_Work instruction_
Repeat everything in the data exactly except images.

_Data section_
▽

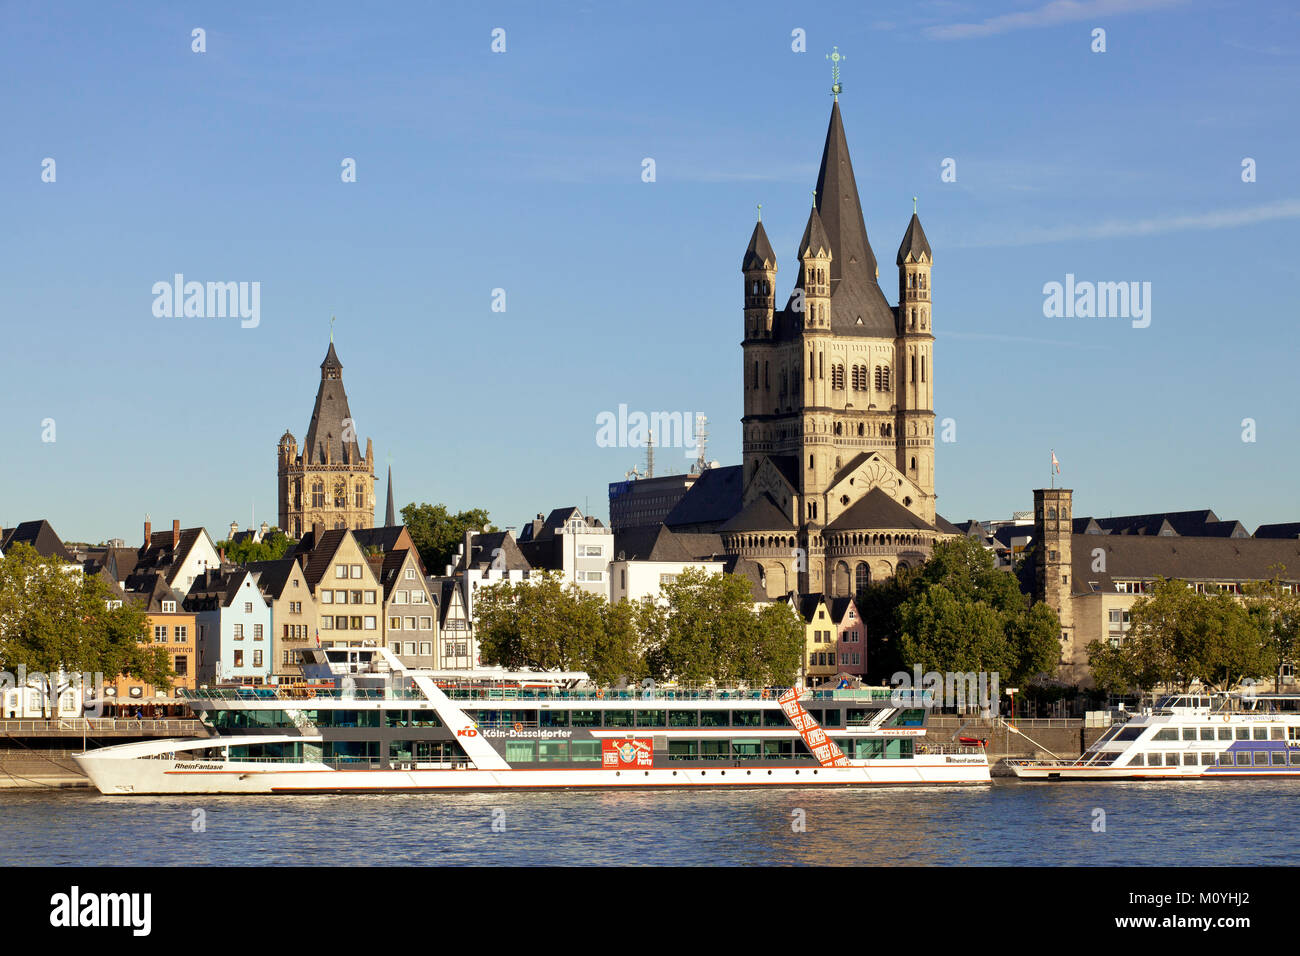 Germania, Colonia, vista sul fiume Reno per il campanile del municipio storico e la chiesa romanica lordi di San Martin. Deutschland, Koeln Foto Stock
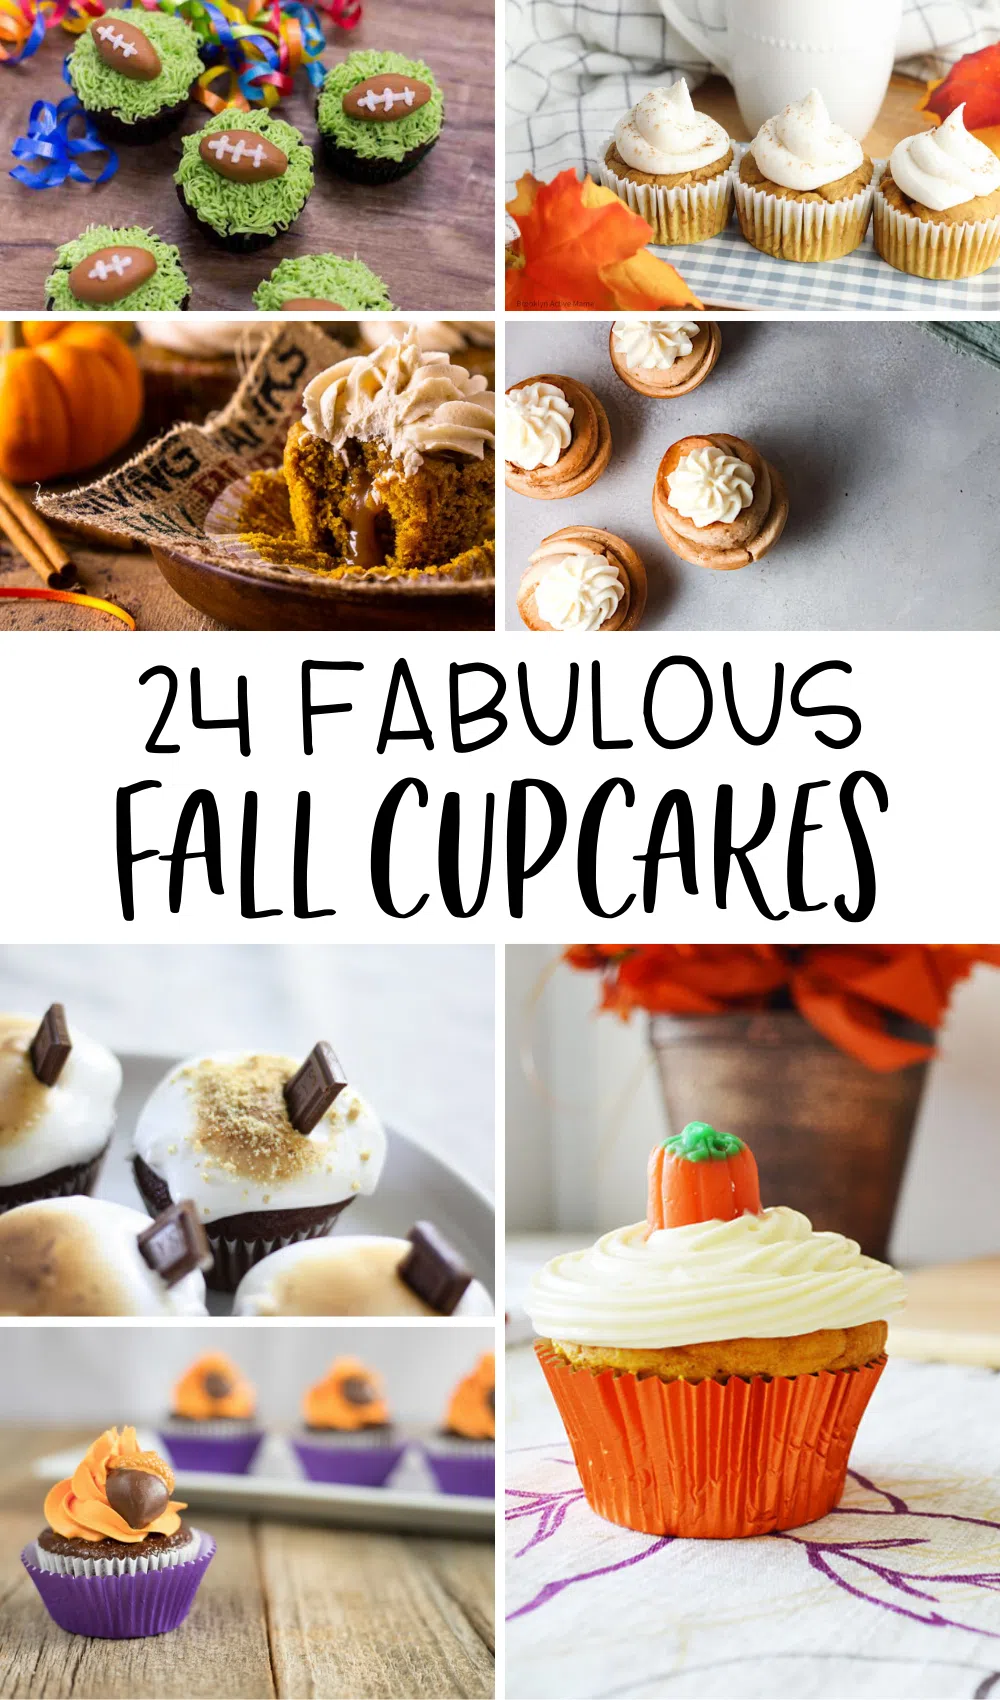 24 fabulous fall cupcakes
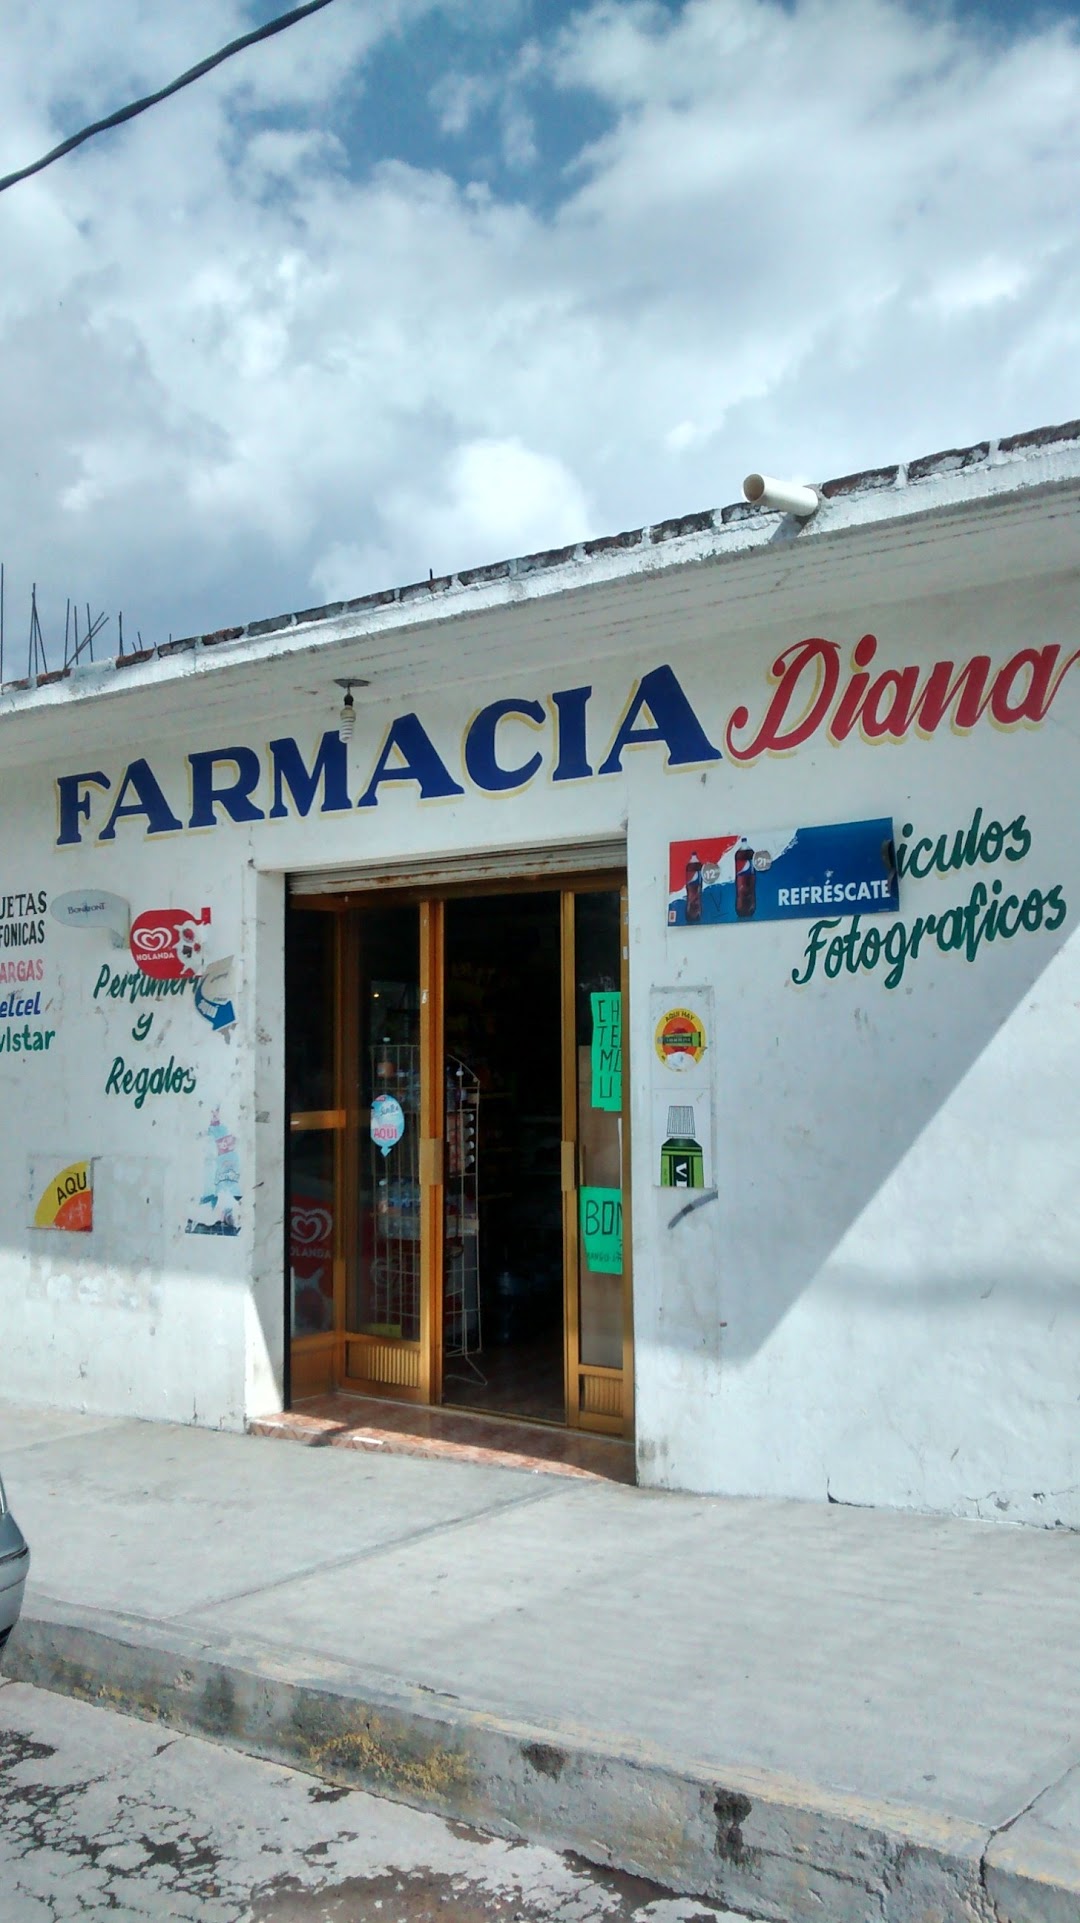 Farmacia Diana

△

_Written solution_
 Germania, Colonia, vista sul fiume Reno per il campanile del municipio storico e la chiesa romanica lordi di San Martin. Deutschland, Koeln Foto Stock
 24 fabulous fall cupcakes
 Farmacia Diana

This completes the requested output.